C’est notamment le cas pour MoMaN, qui, alors que ces abonnées chantaient « viole là », n’a rien fait pour les calmer. Les excuses sont encore considérées comme l’absolution, alors que bien souvent, le harcèlement ne fait pourtant que commencer pour les femmes visées.

Une modération encore insuffisante

Les réponses des plateformes laissent donc à désirer, particulièrement celle de LDLC, la marque qui sponsorise l’équipe d’esport lyonnaise du même nom, qui a réagi en balayant l’affaire et promettant que « cela ne se reproduirait plus », confirmant qu’elle avait été au courant, déjà en 2018, de cette remarque, qui s’apparente pourtant juridiquement à du harcèlement sexuel.

Twitch promet depuis longtemps de faire en sorte que ses règles soient mieux appliquées et que la communauté soit plus saine pour ses utilisateurs. Dès 2018, Twitch avait en effet encouragé ses usagers à « leur demander des comptes ». Malheureusement, plus de deux ans après, peu de choses ont changé.

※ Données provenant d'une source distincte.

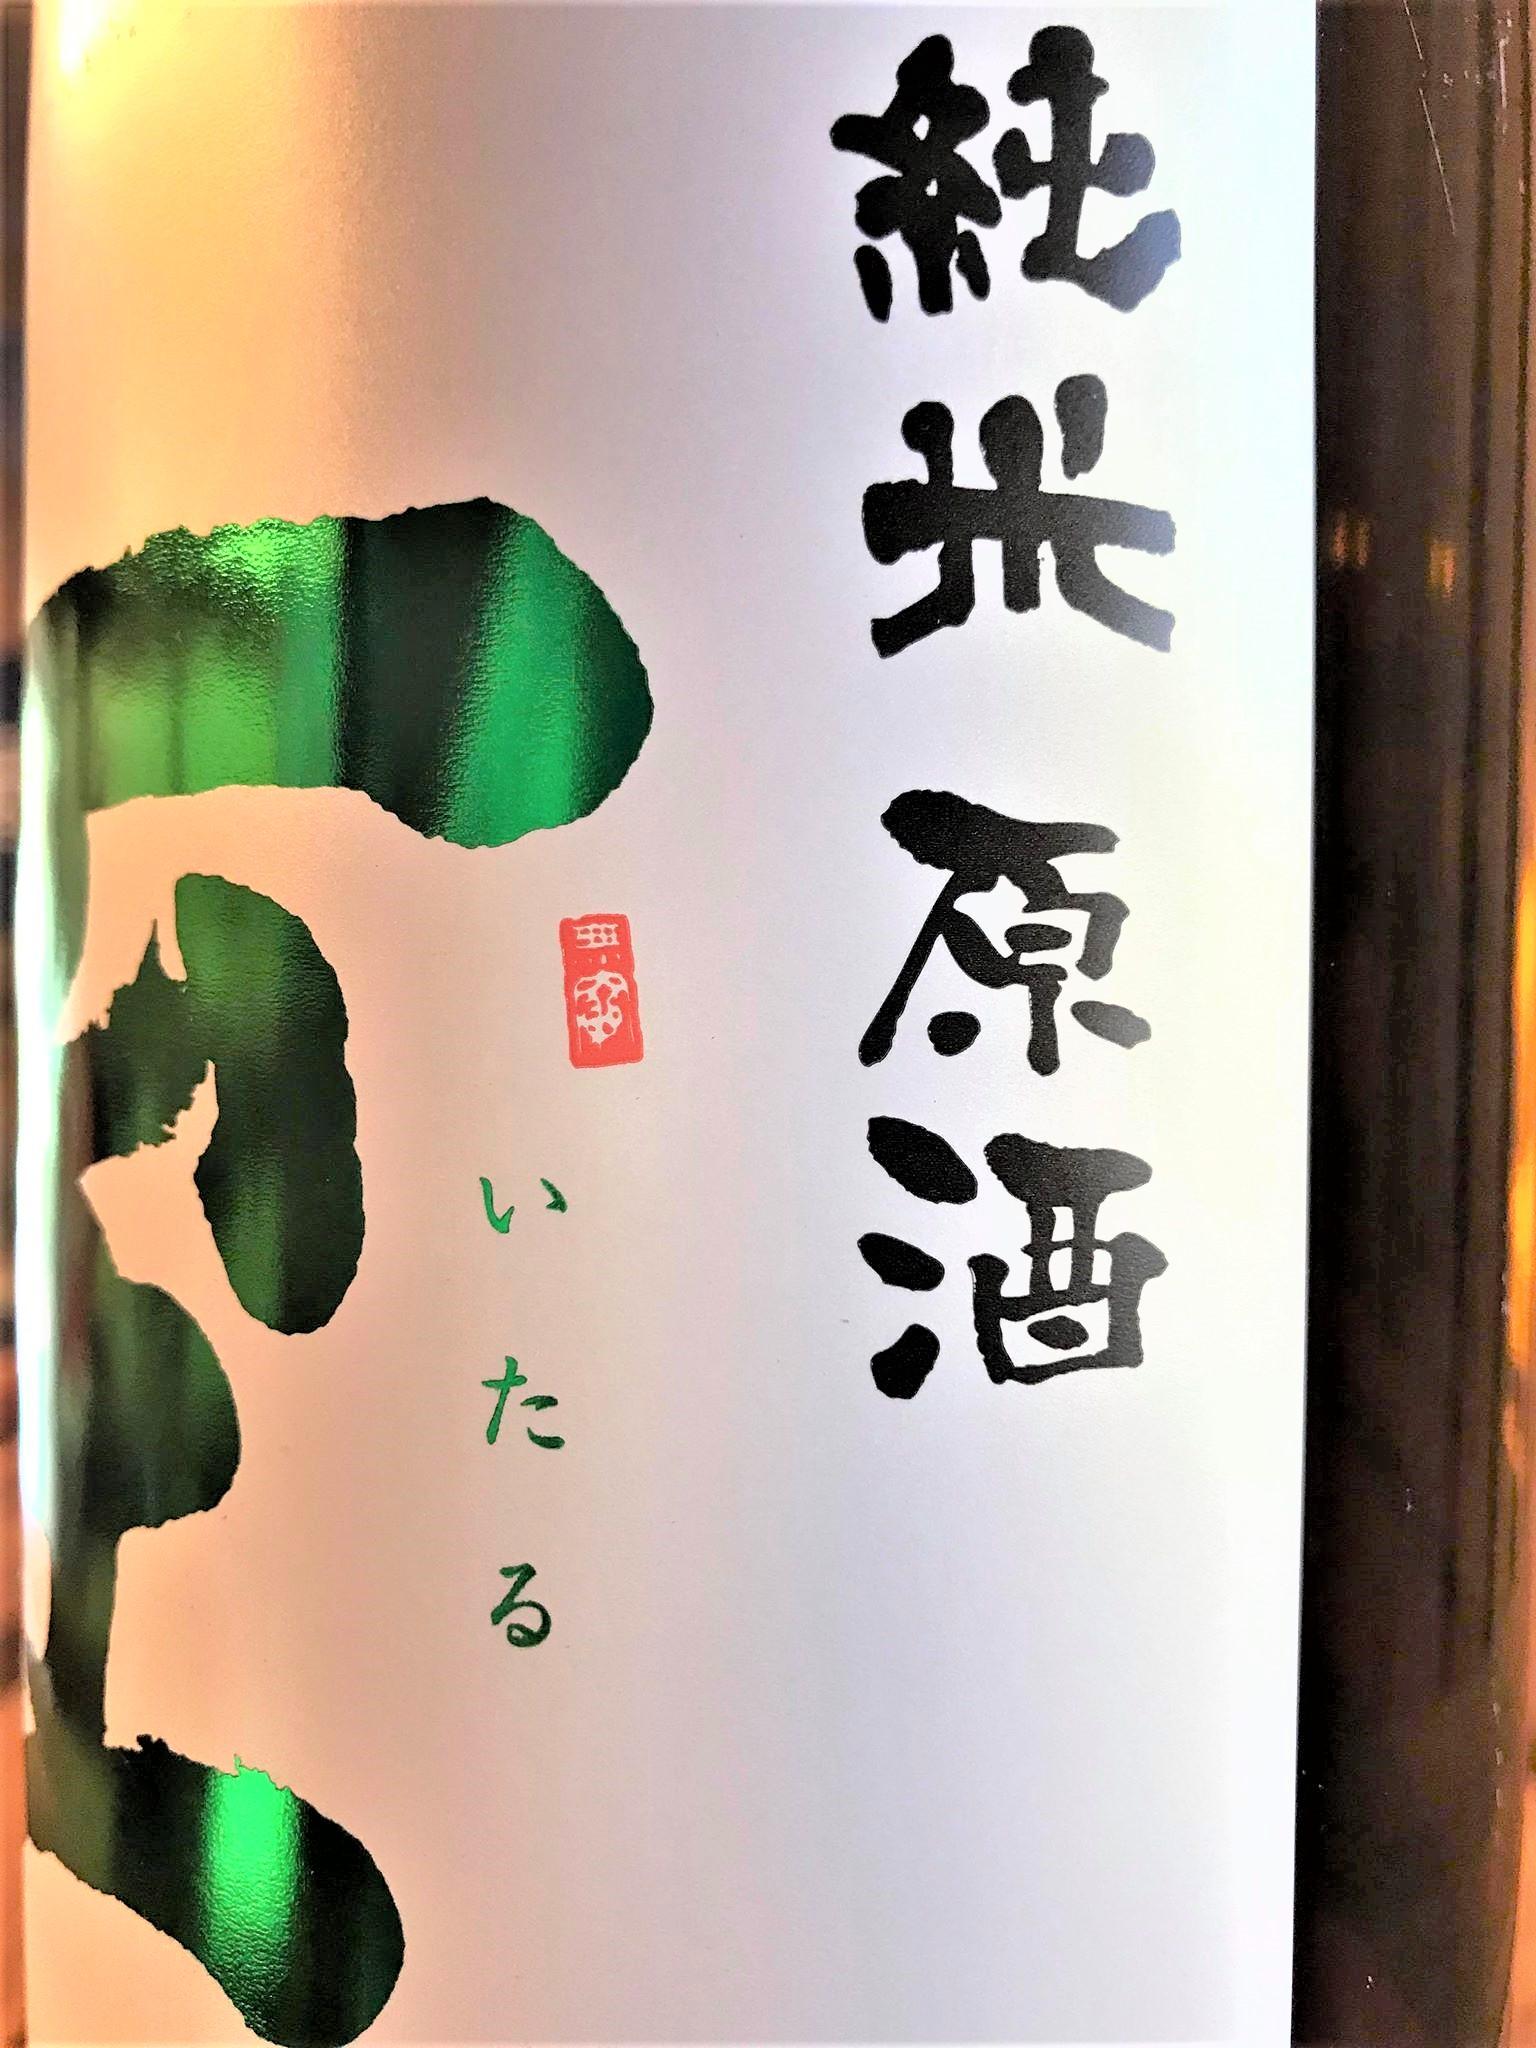 【日本酒】至 ITARU 純米 無濾過生原酒 五百万石仕込み 蔵元特別限定蔵出し 新酒令和1BY🆕_e0173738_14375082.jpg

Contactée par Numerama, la plateforme nous assure « regarder avec attention le moindre signalement », notamment « les accusations de sexisme portant sur les comptes affiliés Twitch,  les Twitch Partner ou les business partners », précise-t-elle. Les sanctions pourront aller de l’arrêt du partenariat à l’exclusion, et elles seront basées sur « la crédibilité des accusations » et sur « l’historique de comportement du joueur ». Cette notion d’historique de comportement reste cependant floue, de même que celle de la crédibilité des accusations. Si personne n’a de preuves des insultes reçues lors d’une partie, qui la plateforme choisira-t-elle de croire ? Si les faits remontent à plusieurs années, pourront-ils être sanctionnés ? Twitch a également indiqué qu’elle ne pouvait pas à l’heure actuelle « communiquer sur toutes les opérations en cours, afin de respecter la vie privée des personnes concernées ».

Riot Games, l’éditeur de League of Legends et de Valorant, est pour l’instant le seul à avoir annoncé de nouvelles régulations. Le studio a annoncé ce lundi 22 juin la mise en place de nouveaux outils pour faciliter le signalement de joueurs toxiques ou ne respectant pas les règles de la commuant. Pour l’instant seulement implémentée sur les serveurs Corée et Amérique du Nord, cette mise à jour n’a malheureusement pas encore de date de lancement en Europe.

Cet article a été mis à jour le 23 juin à 18h afin d’ajouter la réponse de Twitch.